Squirrel was in fourth grade when he made this collection. Mr Hassard was his teacher and was, by all accounts (especially this eloquent one by Chris Stenberg) – quite a guy. He was the teacher that made Squirrel learn the poem “If” by Rudyard Kipling and that makes Mr. Hassard more than alright with me. But, I digress. I think it’s clear that whatever Mr. Hassard was teaching, it wasn’t organization.

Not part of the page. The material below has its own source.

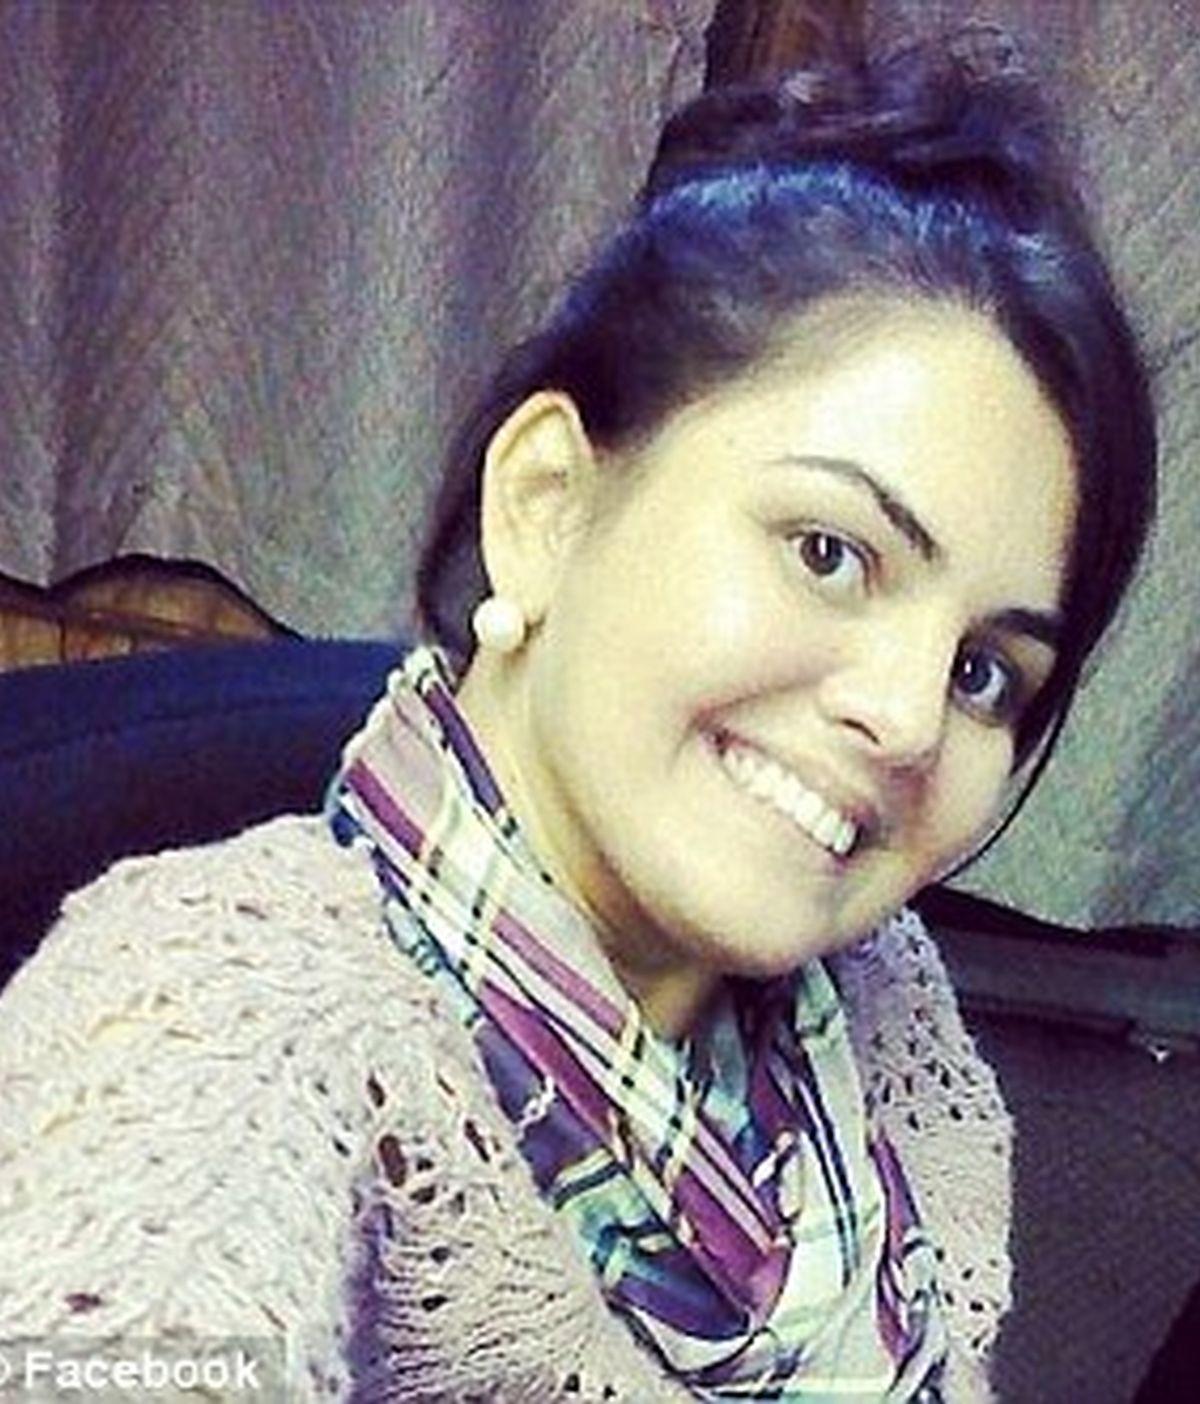 Una joven madre muere tras someterse a una operación de cirugía estética

What did I do with this box of assorted treasures? The only reasonable thing a person could do in the circumstances. I sorted, catalogued, and photographed them:

135 thumb tacks, 36 nails and screws, 14 keys, 23 buttons, 5 golf tees, 4 alan keys, 2 crochet hooks, 3 coins, 2 pencils, 1 nail file, 1 elastic band, 19 pieces plastic, 12 metal, 11 wood, 8 uncategorized

Then I made this cool I-Spy for my kids:

I-Spy an earring, an aspirin, a match…

I know it seems like a lot of work for a box of things that ended up in the kitchen garbage, but I’m deeply fascinated by the thought process that allows someone to store an earring with a golf tee or a crochet hook with an alan key.

Or recently, an Ugly Doll with Dewalt bits:

Or a Scooby Doo poster with a Swiss Army knife:

Besides, I couldn’t shoulder the bewilderment on my own anymore  – and if one of you, just one of you, sees this post and cries out:

“Why? Why Squirrel? Why?”

…then I will feel like I have an ally and that makes all things (even Stuff and Stuff) infinitely more bearable.